ComponentPurposeImage
OllamaLLM inference (Llama 3.1 8B) + embeddings (nomic-embed-text)ollama/ollama
QdrantVector database for storing embeddingsqdrant/qdrant
Data IngestionCronJobs fetching from FRED, GoldAPI, RSSCustom Python/FastAPI
Embedding ServiceConverts text to vectors, stores in QdrantCustom Python/FastAPI
Query ServiceRAG pipeline + web UICustom Python/FastAPI

Data Sources

SourceDataSchedule
FREDGold price history, CPI, Fed Funds Rate, 10Y Treasury, USD IndexEvery 6 hours
GoldAPI.ioReal-time XAU/USD spot priceHourly
RSS FeedsMarket news from Investing.comEvery 4 hours

Implementation

Repository Structure

gold-intelligence/
├── .gitlab-ci.yml
├── services/
│   ├── data-ingestion/
│   │   ├── Dockerfile
│   │   ├── requirements.txt
│   │   └── src/
│   │       ├── main.py
│   │       └── collectors/
│   │           ├── fred.py
│   │           ├── gold_api.py
│   │           └── news_rss.py
│   ├── embedding-service/
│   │   ├── Dockerfile
│   │   ├── requirements.txt
│   │   └── src/
│   │       ├── main.py
│   │       ├── embedder.py
│   │       └── qdrant_client.py
│   └── query-service/
│       ├── Dockerfile
│       ├── requirements.txt
│       └── src/
│           ├── main.py
│           ├── rag_pipeline.py
│           ├── ollama_client.py
│           └── static/        # Web UI
├── helm/
│   ├── data-ingestion/
│   ├── embedding-service/
│   ├── query-service/
│   ├── ollama-values.yaml
│   └── qdrant-values.yaml
└── kubernetes/
    └── argocd/

Ollama Configuration

The key to GPU acceleration is the runtimeClassName: nvidia in the Helm values:

# helm/ollama-values.yaml
replicaCount: 1

image:
  repository: ollama/ollama
  tag: latest

ollama:
  gpu:
    enabled: true
    type: nvidia
    number: 1
  models:
    pull:
      - llama3.1:8b
      - nomic-embed-text

resources:
  requests:
    cpu: 2000m
    memory: 8Gi
    nvidia.com/gpu: 1
  limits:
    cpu: 8000m
    memory: 16Gi
    nvidia.com/gpu: 1

persistence:
  enabled: true
  size: 50Gi

nodeSelector:
  nvidia.com/gpu.present: "true"

tolerations:
  - key: "nvidia.com/gpu"
    operator: "Exists"
    effect: "NoSchedule"

runtimeClassName: nvidia

Qdrant Configuration

# helm/qdrant-values.yaml
replicaCount: 1

image:
  repository: docker.io/qdrant/qdrant
  tag: v1.13.2

persistence:
  enabled: true
  size: 20Gi

apiKey:
  enabled: true
  existingSecret: gold-intel-qdrant-api-key
  existingSecretKey: api-key

Service Configuration

Each Python service follows the same pattern with Helm charts.
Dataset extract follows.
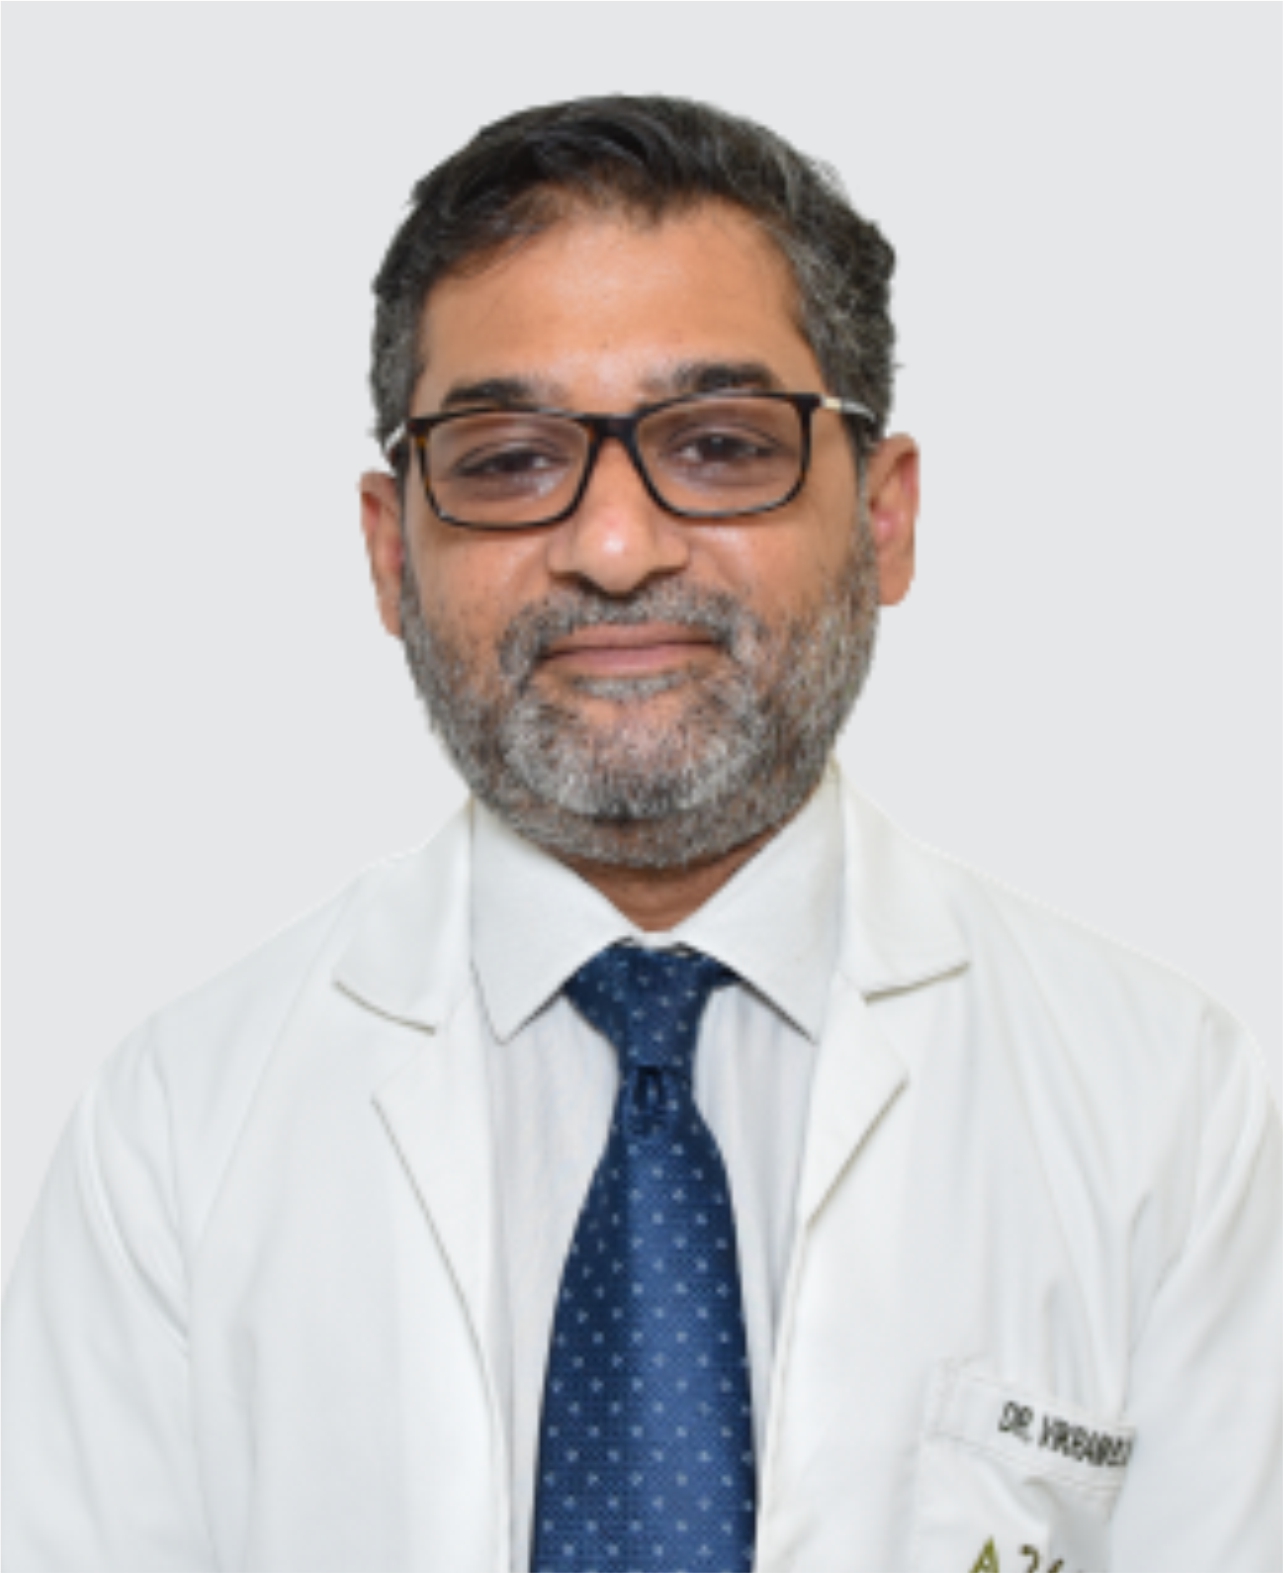 صورة الدكتور فيكرام باروا كوشيك، طبيب مسالك بولية في الهند

The key environment variables:

# helm/embedding-service/values.yaml
env:
  OLLAMA_HOST: "http://gold-intel-ollama:11434"
  QDRANT_HOST: "gold-intel-qdrant"
  QDRANT_PORT: "6333"

envSecrets:
  - name: QDRANT_API_KEY
    secretName: gold-intel-qdrant-api-key
    secretKey: api-key

RAG Pipeline

The query service implements a standard RAG pattern:

  1. Embed the user’s question using nomic-embed-text
  2. Search Qdrant for similar documents across collections
  3. Build context from search results
  4. Send context + question to Llama 3.1 8B
  5. Return response with source citations
# Simplified RAG flow
query_embedding = ollama.embed(question)
search_results = qdrant.search_multiple_collections(
    collections=["economic_data", "gold_prices", "market_news"],
    query_embedding=query_embedding,
    top_k=5
)
context = build_context(search_results)
response = ollama.generate(
    prompt=f"Context:\n{context}\n\nQuestion: {question}",
    system_prompt=SYSTEM_PROMPT
)

Web UI

The query service includes a static HTML/CSS/JS frontend served by FastAPI:

from fastapi.staticfiles import StaticFiles
from fastapi.responses import FileResponse

static_dir = Path(__file__).parent / "static"
app.mount("/static", StaticFiles(directory=str(static_dir)), name="static")

@app.get("/")
async def root():
    return FileResponse(str(static_dir / "index.html"))

GitLab CI Pipeline

stages:
  - test
  - build

.test-template:
  stage: test
  image: python:3.12-slim
  before_script:
    - pip install -r requirements.txt
  script:
    - python -m py_compile src/*.py
  allow_failure: true

.build-template:
  stage: build
  image: docker:24.0.5
  services:
    - docker:24.0.5-dind
  variables:
    DOCKER_TLS_CERTDIR: "/certs"
  before_script:
    - docker login -u $CI_REGISTRY_USER -p $CI_REGISTRY_PASSWORD $CI_REGISTRY
  script:
    - docker build -t $CI_REGISTRY_IMAGE/$SERVICE:$CI_COMMIT_SHORT_SHA .
    - docker push $CI_REGISTRY_IMAGE/$SERVICE:$CI_COMMIT_SHORT_SHA

Kubernetes Secrets

Three secrets are required:

# API keys for data sources
kubectl create secret generic gold-intel-api-keys -n gold-intelligence \
  --from-literal=fred-api-key=<FRED_KEY> \
  --from-literal=gold-api-key=<GOLDAPI_KEY>

# Qdrant API key
kubectl create secret generic gold-intel-qdrant-api-key -n gold-intelligence \
  --from-literal=api-key=$(openssl rand -hex 32)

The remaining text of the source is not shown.